“Competition is a really great thing,” Fortescue’s Andrew Forrest has been reported as saying at a Shanghai dinner last night. But surely Forrest was being sarcastic, since he has recently called for iron ore companies to work together to cap production as they feel the pressure of falling iron ore prices.

Both Treasurer Joe Hockey and the Australian Competition and Consumer Commission’s Rod Sims have reacted sharply to Forrest’s proposal, with the latter suggesting it was “a matter of grave concern”. “In general terms, any attempt by Australian businesses to encourage competitors to restrict outputs is a matter of grave concern to the ACCC,” Sims said.

Unfortunately Forrest’s attitude is all too common across Australian business: competition is great, but only for everyone else.
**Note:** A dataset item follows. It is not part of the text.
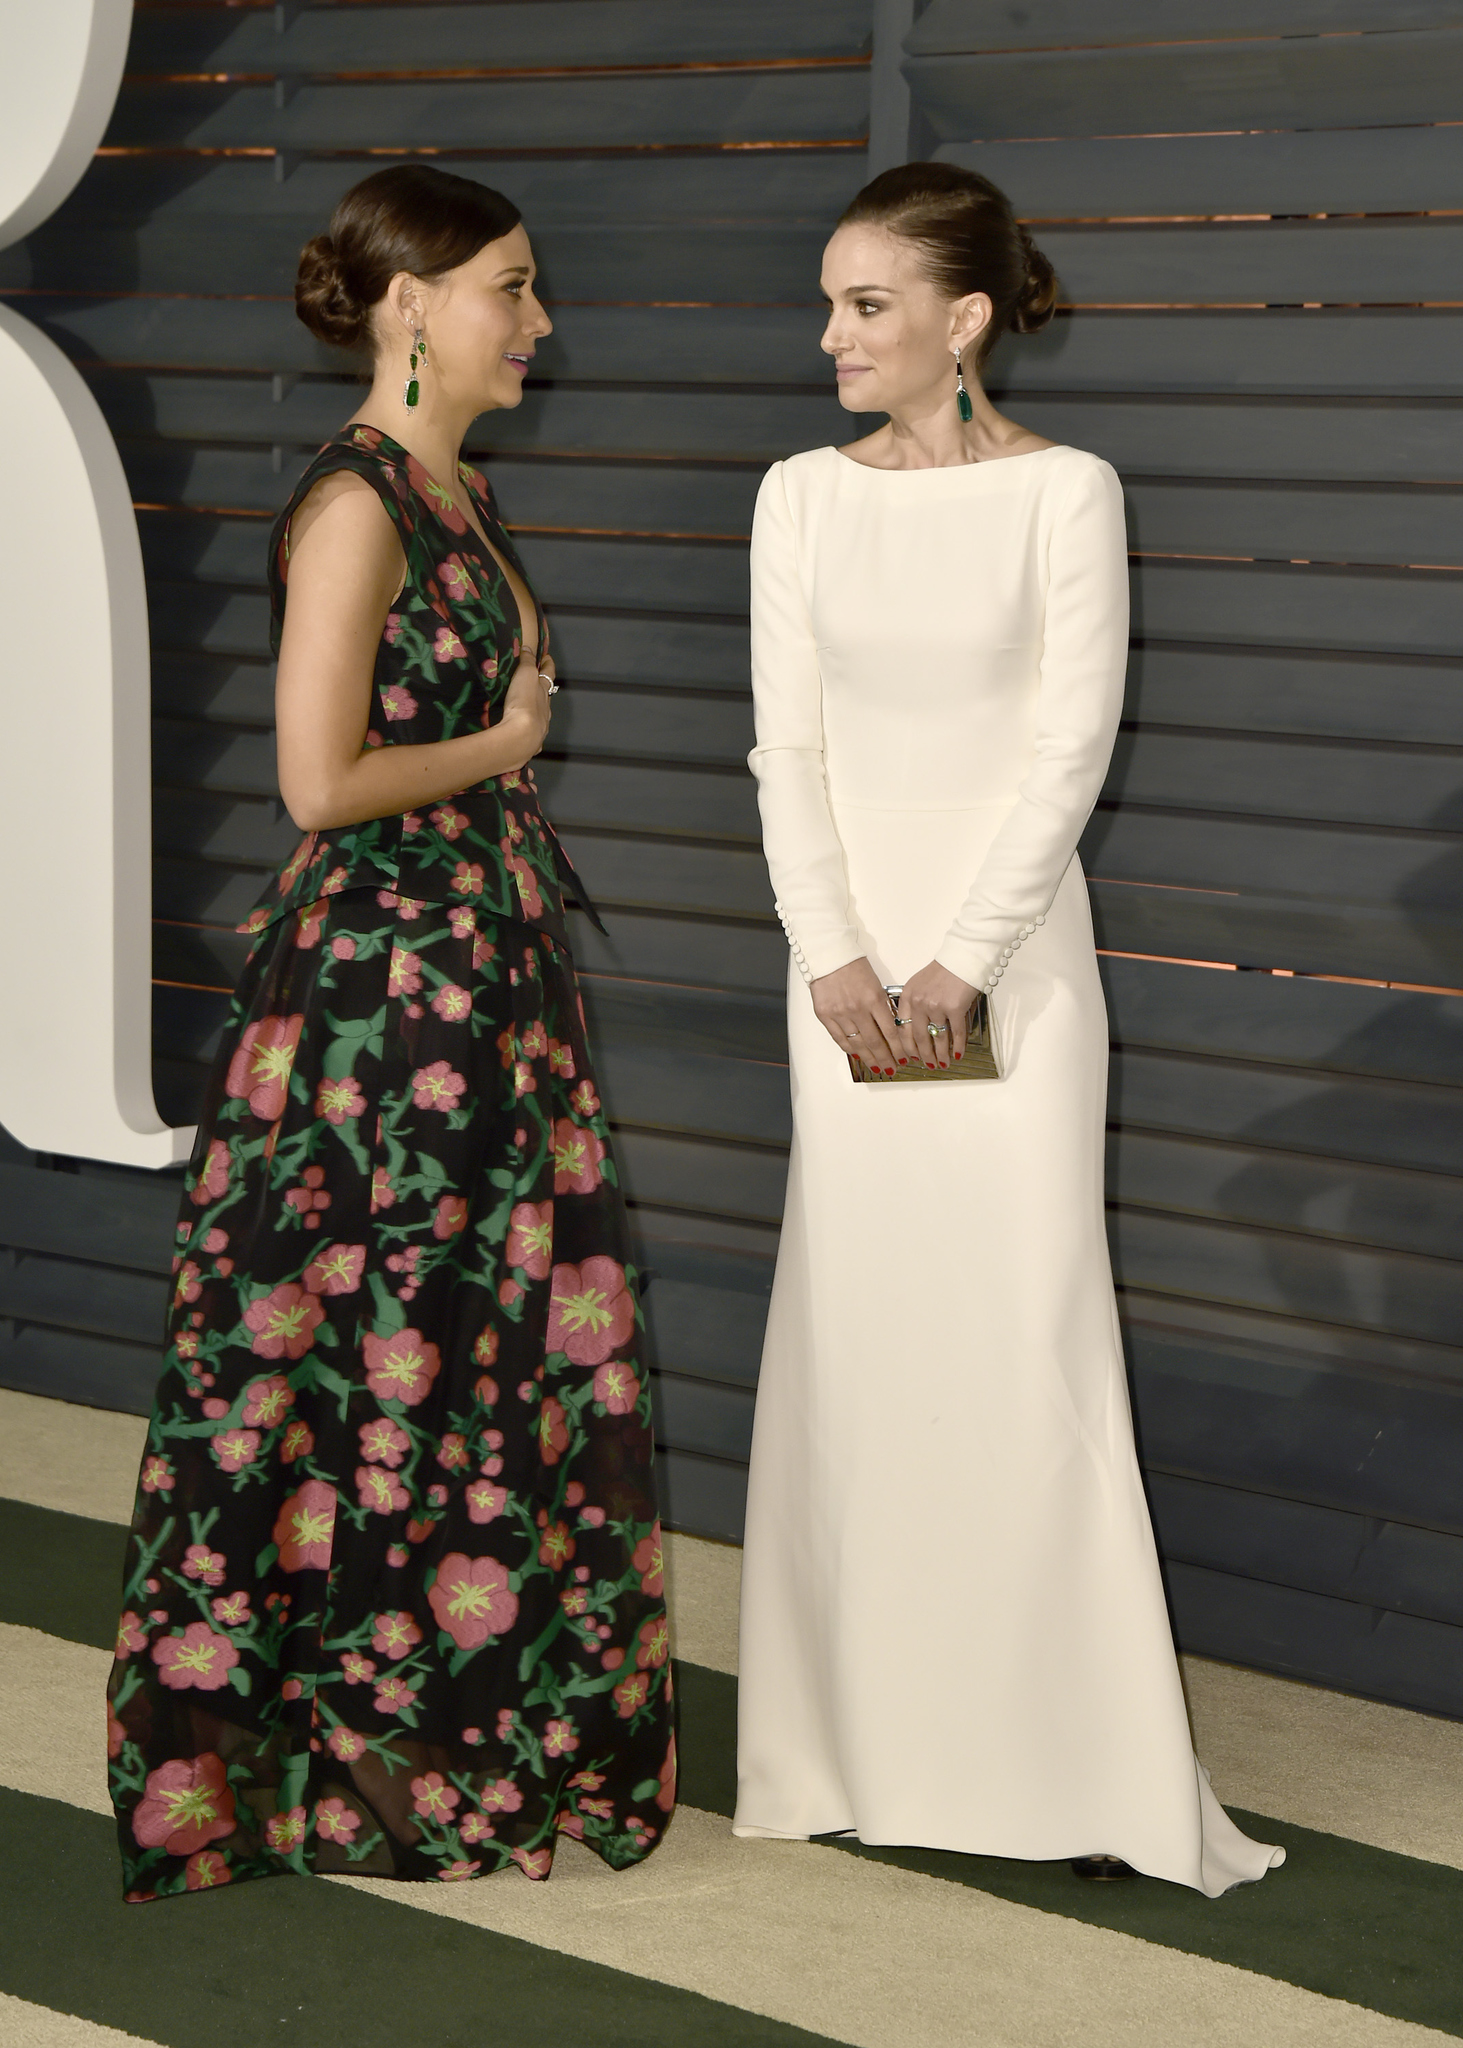 Natalie Portman and Rashida Jones at event of The Oscars (2015)

It’s a neat illustration of what divides the interests of business from the national interest — things too commonly reflexively linked both by business lobbyists and their media cheerleaders.

The Australian economy is already plagued by oligopolies and duopolies engendered by the comparatively small size of our domestic market, including some of our most important industries, like banking and the media. The ACCC is under constant pressure to approve mergers that will further entrench the dominance of oligopolists across the economy, and history shows that big firms are only too ready to exploit market power over consumers and other businesses.

Competition is indeed a really great thing. Too bad we’re seeing less of it, not more.